## Your task
Without changing a word, copy every line of the listing below and leave out the images.

## Data extract

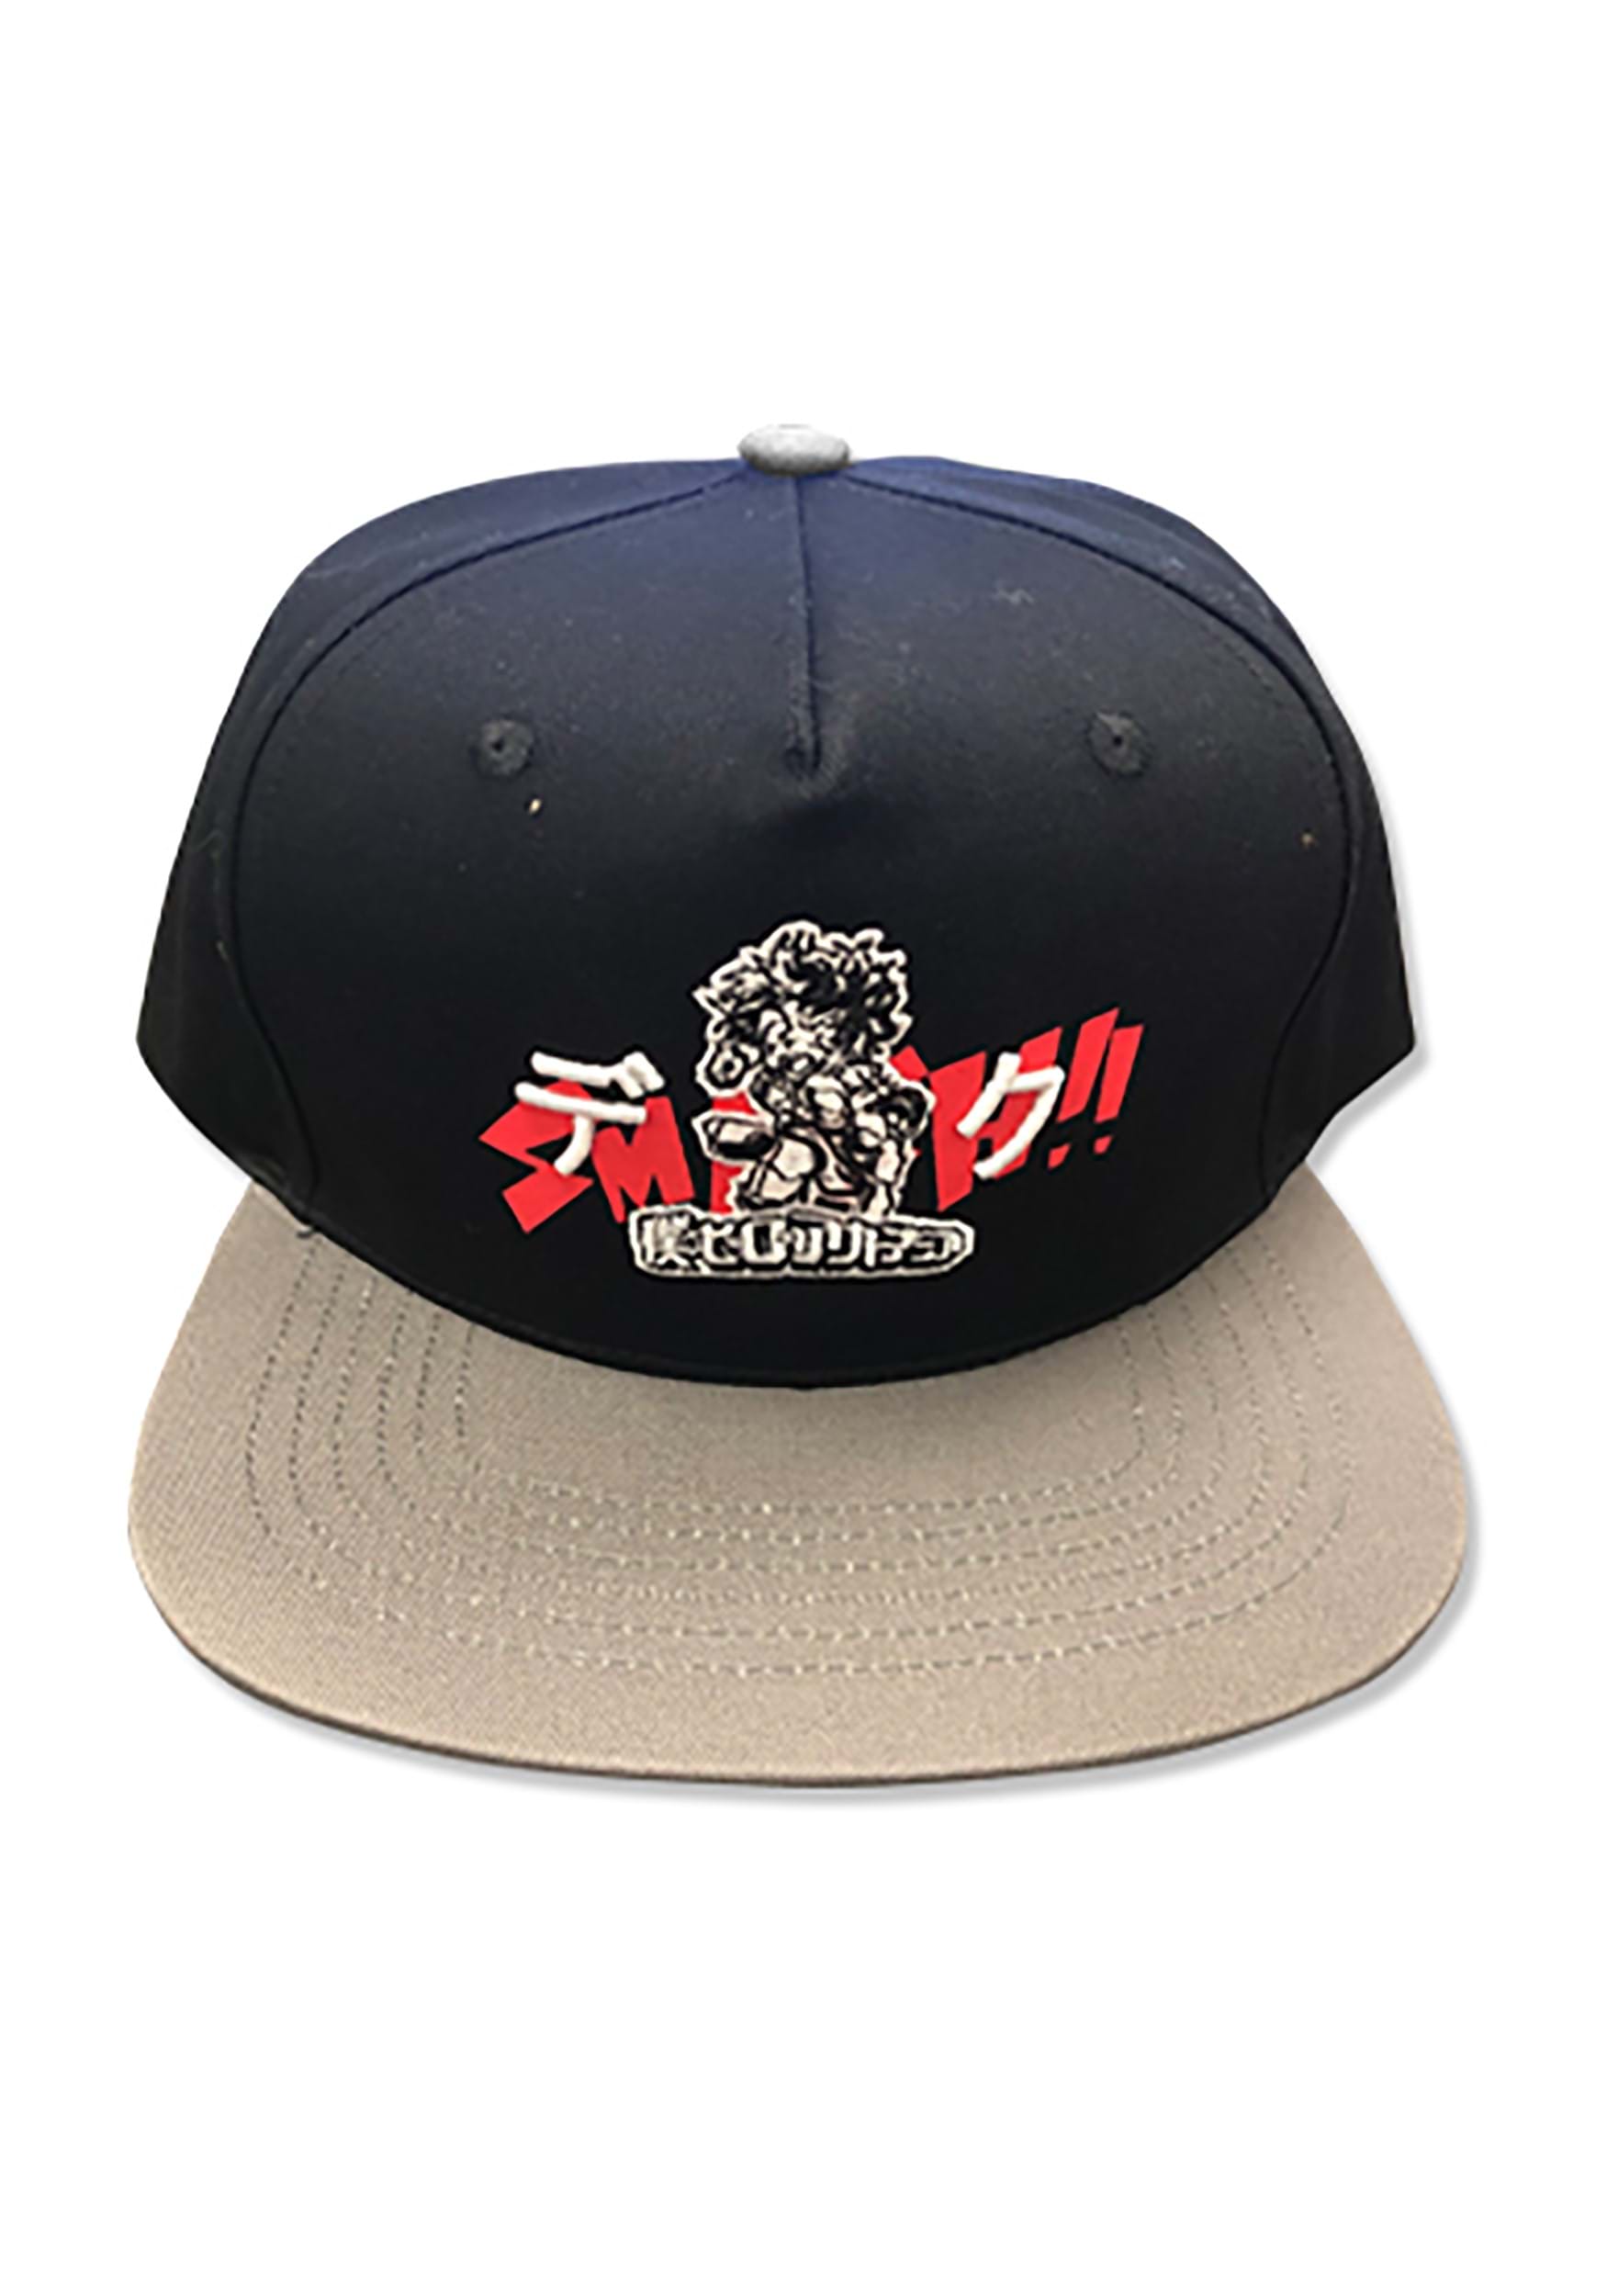 My Hero Academia- UA Adult Fitted Hat
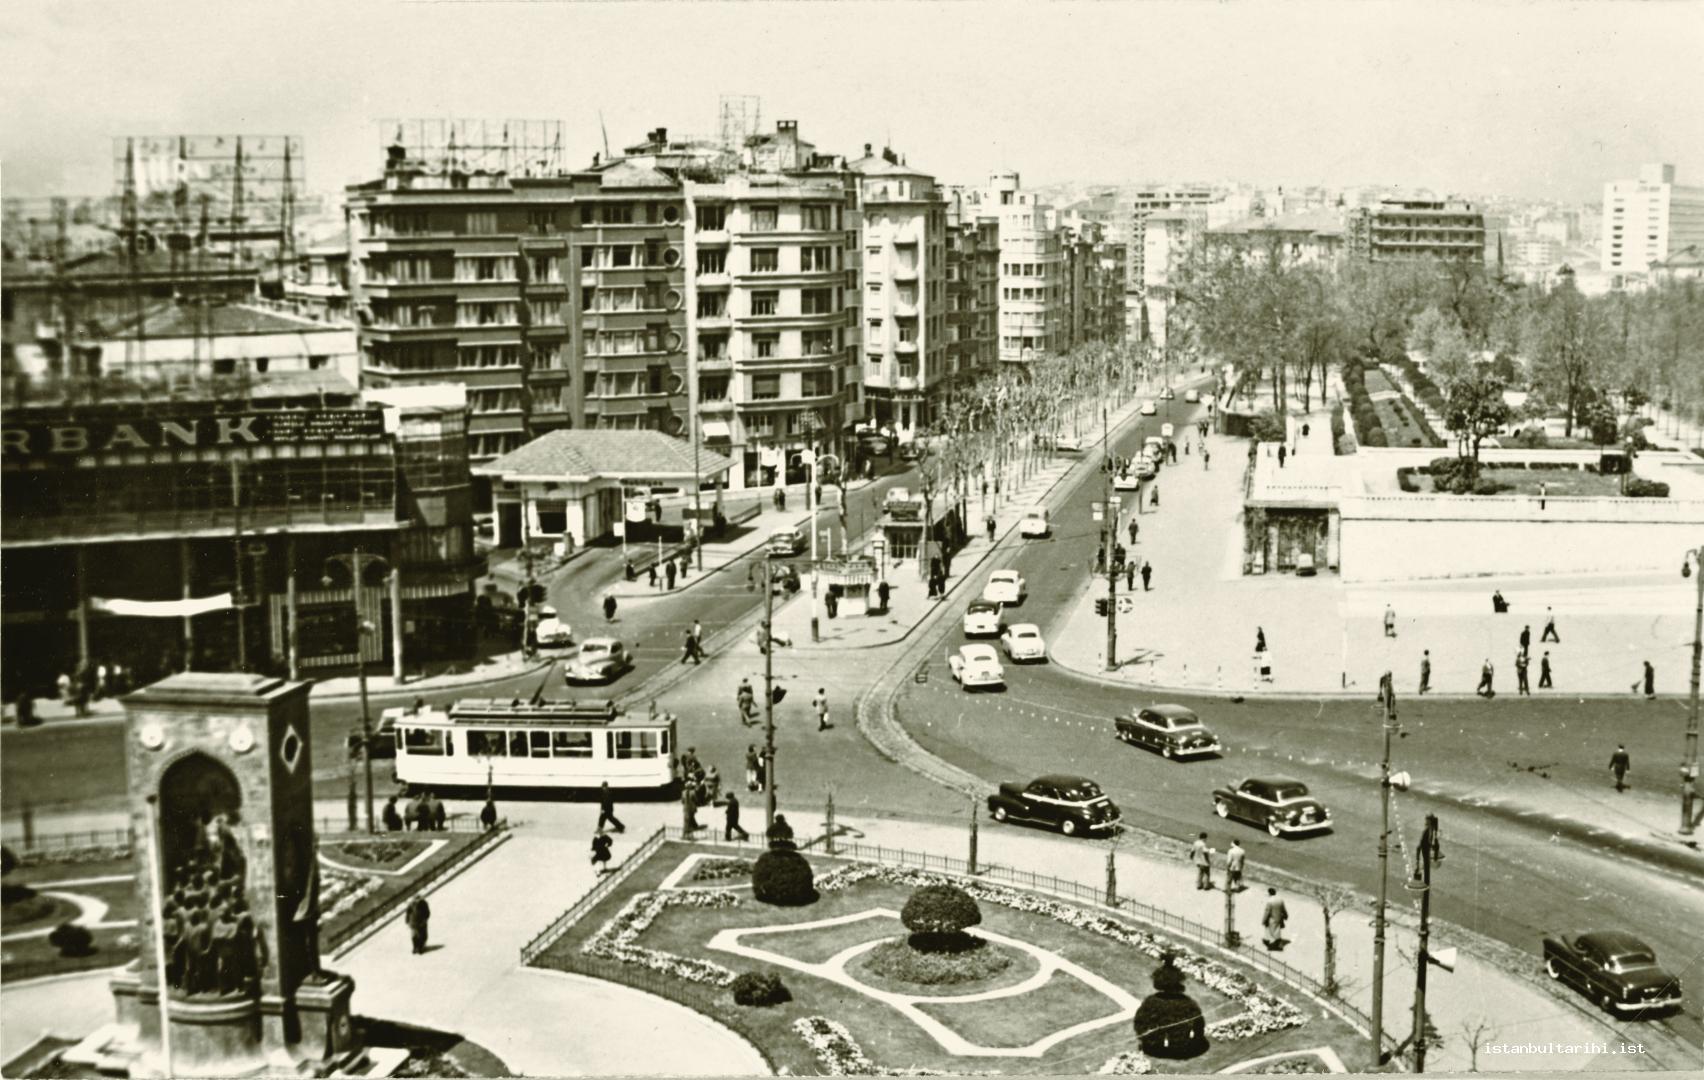 5- Taksim Square and Gezi Park the former name of which was İnönü Gezisi. The word “gezi” has actually been created in place of the word “park,” therefore there is a weird    situation in the construction of “Gezi Park.” Since there is a big space around Gezi Park, the photograph might have been taken in the 1940s.
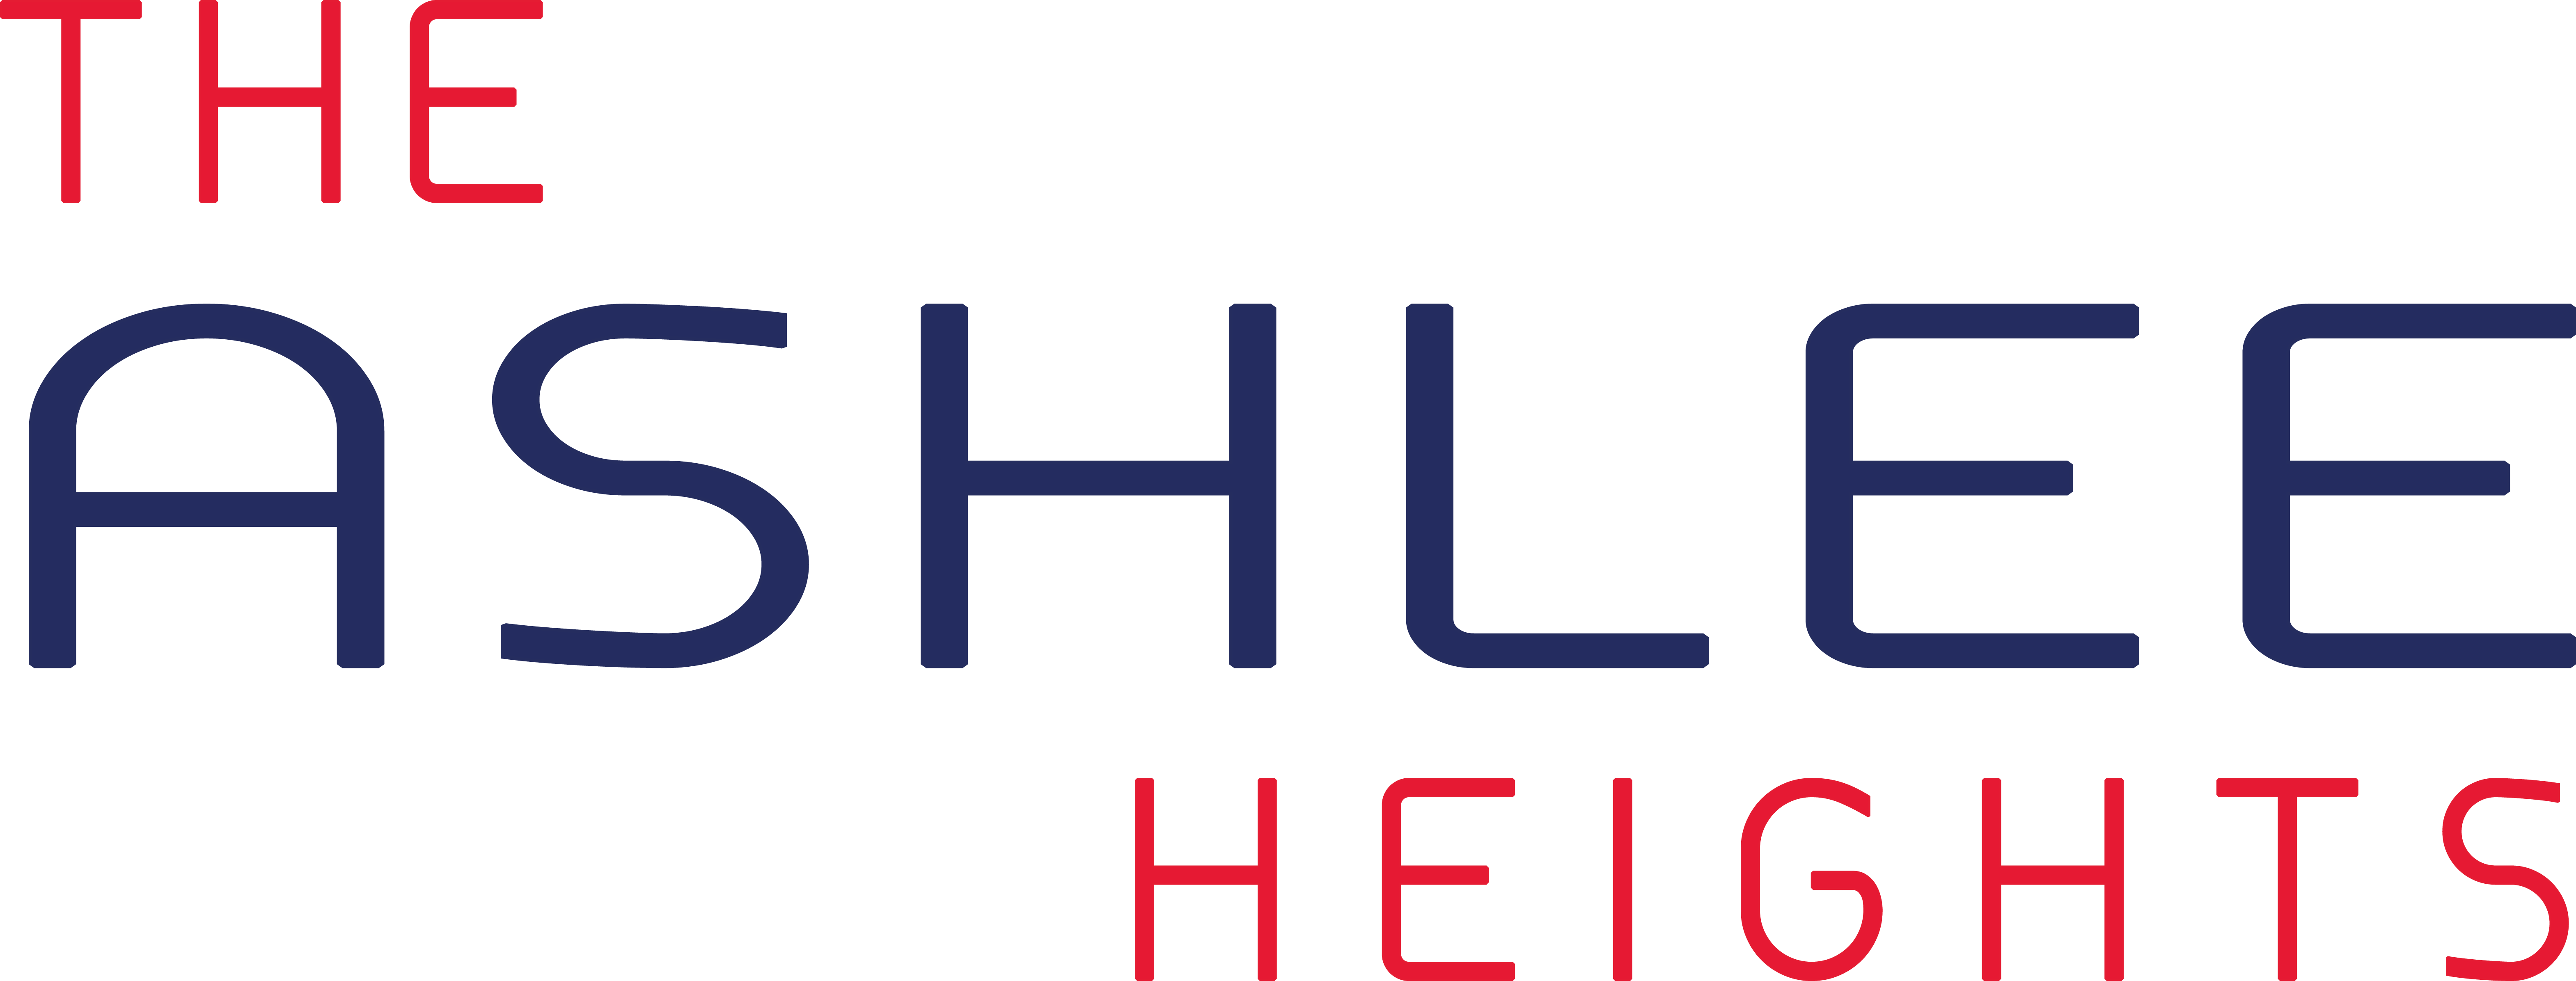 Ashlee Logo - The ASHLEE Heights Patong Hotel & Suites | Official Website

## Response box
 My Hero Academia- UA Adult Fitted Hat
 5- Taksim Square and Gezi Park the former name of which was İnönü Gezisi. The word “gezi” has actually been created in place of the word “park,” therefore there is a weird    situation in the construction of “Gezi Park.” Since there is a big space around Gezi Park, the photograph might have been taken in the 1940s.
 Ashlee Logo - The ASHLEE Heights Patong Hotel & Suites | Official Website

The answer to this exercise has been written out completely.